Like a traditional web application’s use of HTML forms, a REST API relies on controller resources to perform application-specific actions that cannot be logically mapped to one of the standard methods (create, retrieve, update, and delete, also known as CRUD).
Now take a look at the "describe_resource" implementation on ContactResource example. When you inherit from the basic resource types described above the next step is to programmatically describe your resource to the outside world using that method. The underlying Skuë implementation uses that method to validate require parameters and also to self describe the endpoints when you perform an OPTIONS request on them.
And the final step is for you to implement the methods (CRUD) that you want to handle for your resource.
Again with the ContactResource example, that resource handles the creation, update and read of Contact items.
I hope this helps you at least to understand how to start using the library. I will create better tutorials in the future, though.
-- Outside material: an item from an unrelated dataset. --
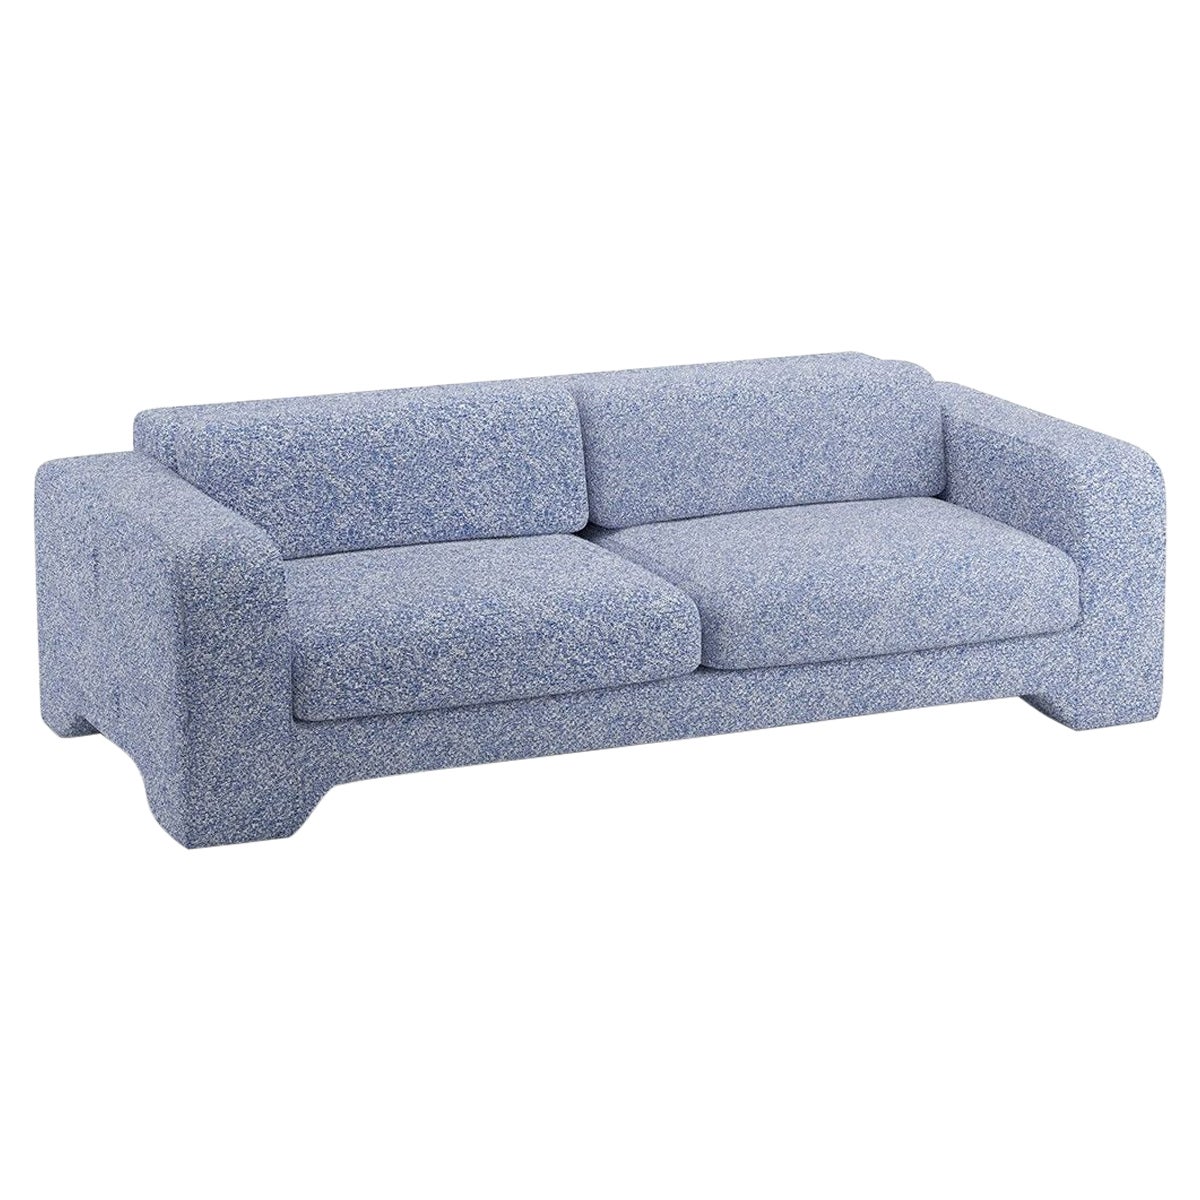 Popus Editions Giovanna 3 Seater Sofa in Ocean Zanzi Linen Fabric

In the meantime you can contact me via email: greivin.lopez#gmail.com and I will send you a more elaborated example or even something that matches your requirements.
Important Note: Currently the Skuë project only supports responses in JSON format. If you plan to use another format you will need to create the proper classes to handle it.
Greetings from Costa Rica.
I haven't used skue, but what you're looking for sounds like a good fit for Google Cloud Endpoints. See my previous answers on the subject for more details.